Oryx and Crake - Margaret Atwood: Margaret Atwood is one of our finest writers of overwhelming dystopias, and this classic of the post-apocalypse deserves to be read alongside her other more prominent works. Though a book about hyper-capitalism and genetic engineering, it is also a great study in the dangers of male obsession.
Annihilation - Jeff VanderMeer: I read this after seeing the film Annihilation and was very pleased to find it even stranger and more haunting than the already strange movie. Itchy, provocative, and bizarre to the last word.
The Name of the Wind and Wise Man’s Fear - Patrick Rothfuss: Rothfuss has crafted some fantastic characters in the beginning of this series, but his story begins to truly drag and sprawl through the second book, even with obvious chunks pulled by an editor who needs to be empowered further. I hope there will be more of these books, but I’m not holding my breath.
Tomorrow, Tomorrow, and Tomorrow - Gabrielle Zevin: This would be the other book on my list in the running for best novel I read this year, not for any grand reasons but because it is so fundamentally strong: an interesting subject matter that is well-researched and fleshed out, characters that have meaningful conflict over a well-paced story. There’s no great literary fireworks or melodrama, it’s just very good.
Every Man Dies Alone - Hans Fallada: I read this on a recommendation for my trip to Berlin, and I can’t remember a book with more brutal depictions of despotic violence. While emphatically anti-fascist at its heart, it’s a fundamentally difficult read about the political environment of early 1940s Berlin, and the ways people sought to resist - and collaborate with - the Nazis.
Tremor - Teju Cole: I love Teju Cole, and when I saw him give a great talk on Tremor in November he said that you might not need to read it for several years, if you have other things to return to. I think I might agree in this case.

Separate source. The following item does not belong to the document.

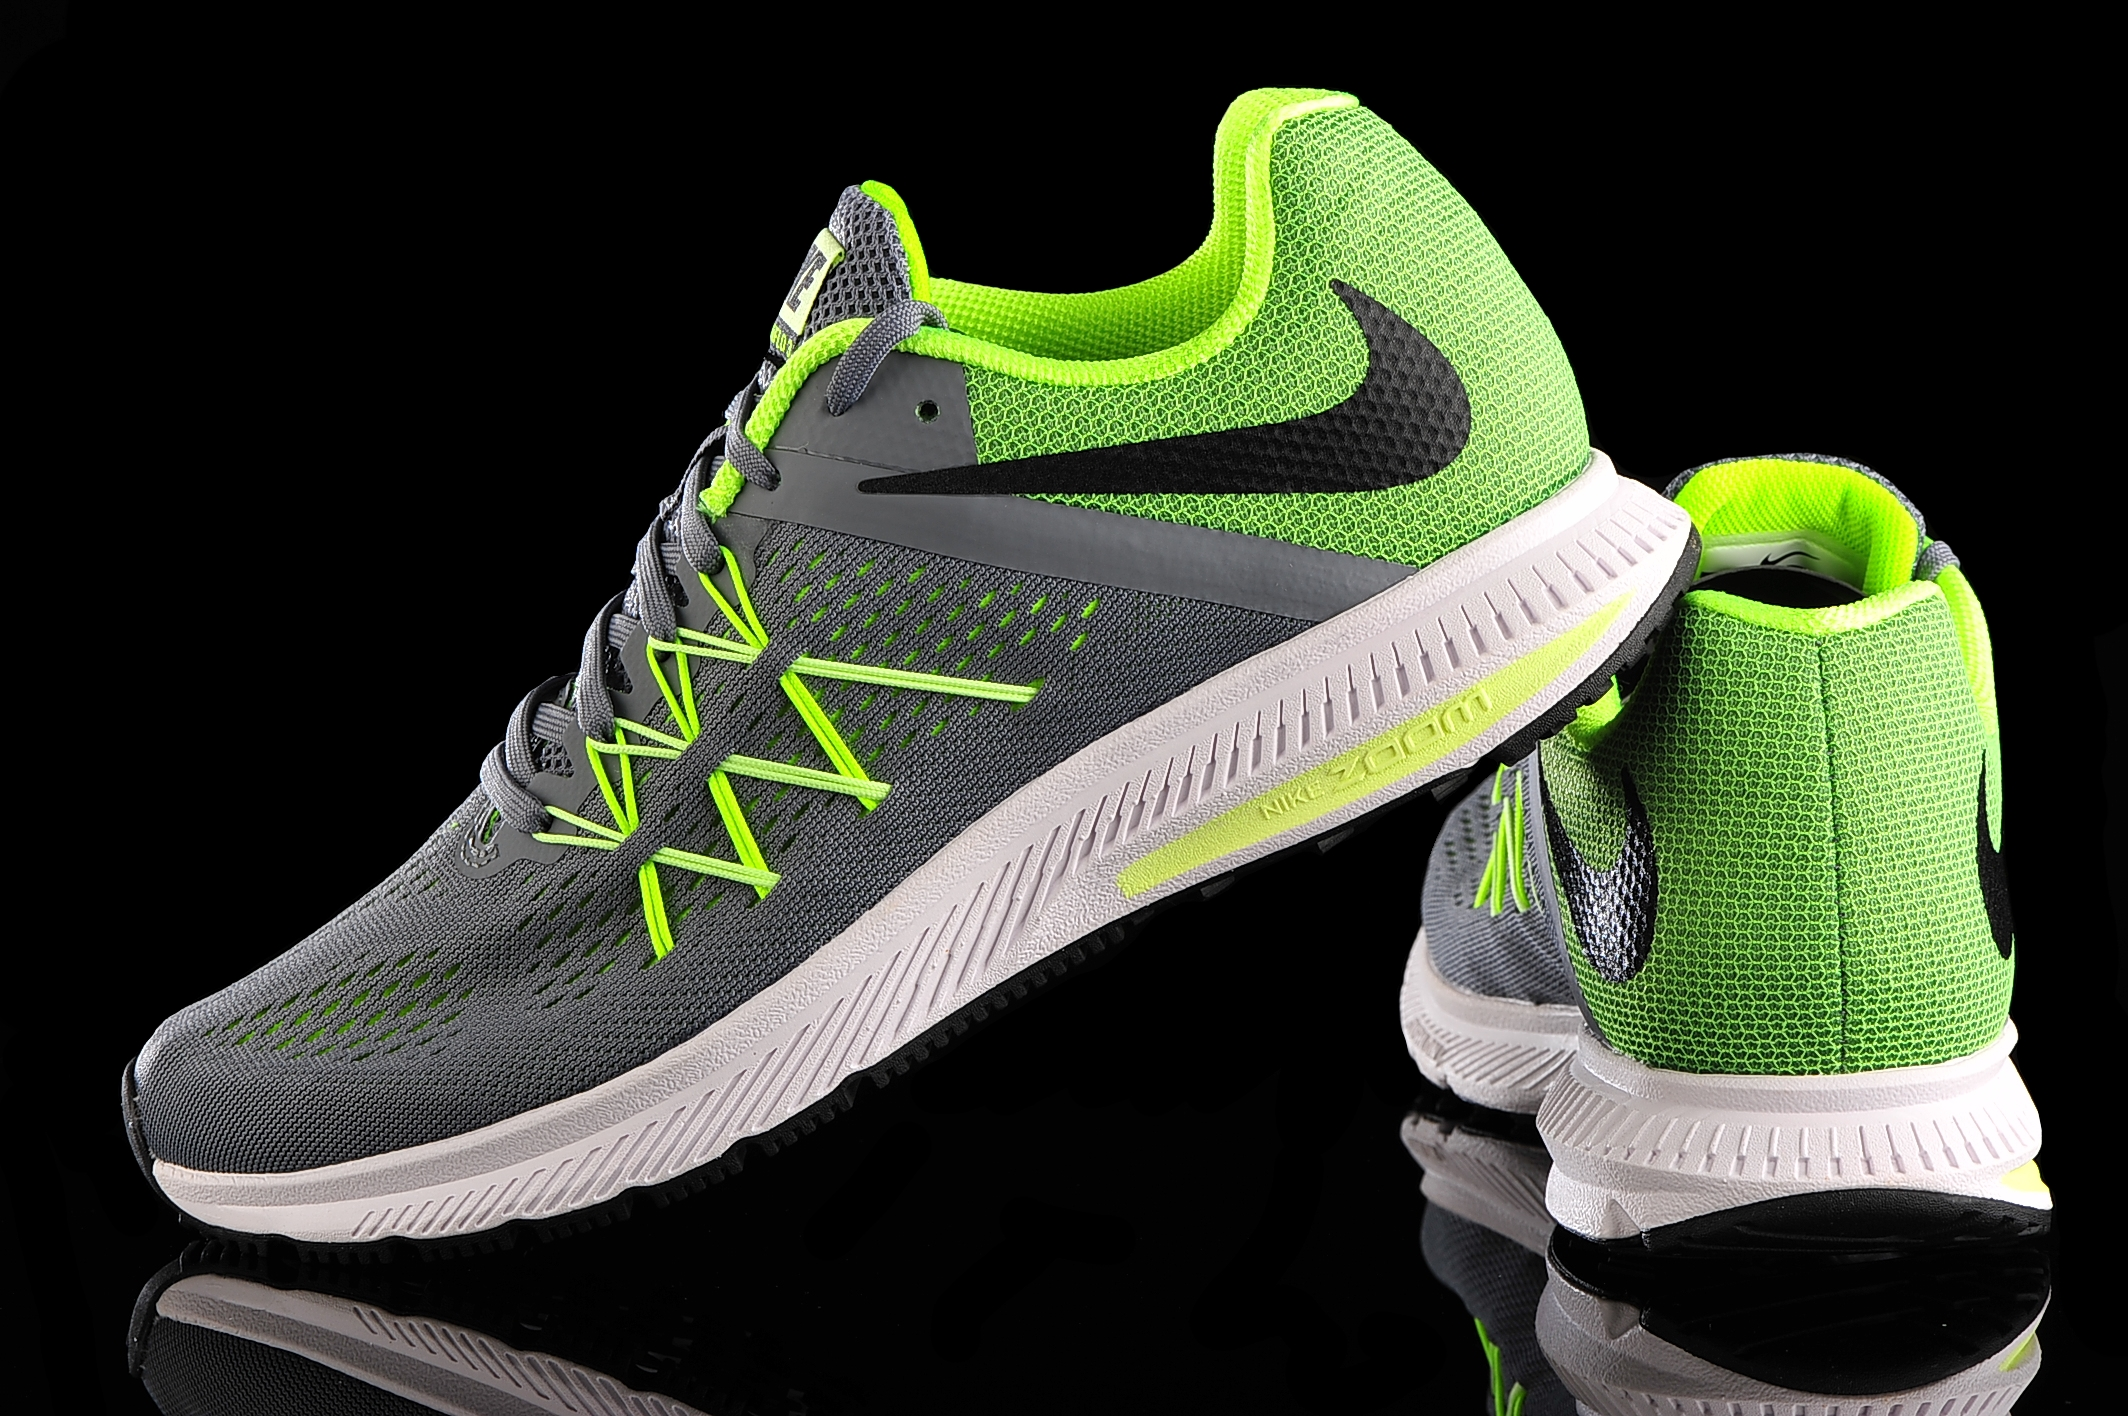 Nike Zoom Winflo 3 | R-GOL.com Football boots & equipment

If an Egyptian Does Not Speak English - Noor Naga: This novel about an American-Egyptian woman in Cairo meeting a man from a poor village in Egypt was the most rewarding book I picked up on a whim from a store shelf. The best parts were subtle, sympathetic, and unsparing at the same time, but I can’t decide to what degree the ending put me off - not everyone who reads fiction is in a Brooklyn writing group, and it’s OK to not write for that narrow demographic.
End Zone - Don DeLillo: While not quite possessing the grandeur of his greatest books, End Zone has few of DeLillo’s most annoying quirks and a lot of his most entertaining: hyperreal setting (West Texas desert), wild bouts of technical language (both football and nuclear weapons) and moments of startling clarity.
Swamplandia! - Karen Russell: Swamplandia! is one of those great books that captures the grand dichotomies of American life: freedom and danger, eccentric local color and crushing conformity, magic and banal evil. If I were to pick a national book of Florida, this would be it.
Fledgeling - Octavia Butler: I love Octavia Butler, but this is not her best work. Thematically it builds on her ideas of hybridity and codedepdence, but the story is too talky, a main sympathetic character is a definite pedophile, and the main action wraps with a stiff bureaucratic set-piece.
Gideon the Ninth - Tamsyn Muir: “Lesbian necromancers in space with swords” is the main calling card here, and if that’s the kind of thing you’re looking for, you’ll find it in spades. If you’re looking for nuance, or characters who talk in anything besides quips, look elsewhere.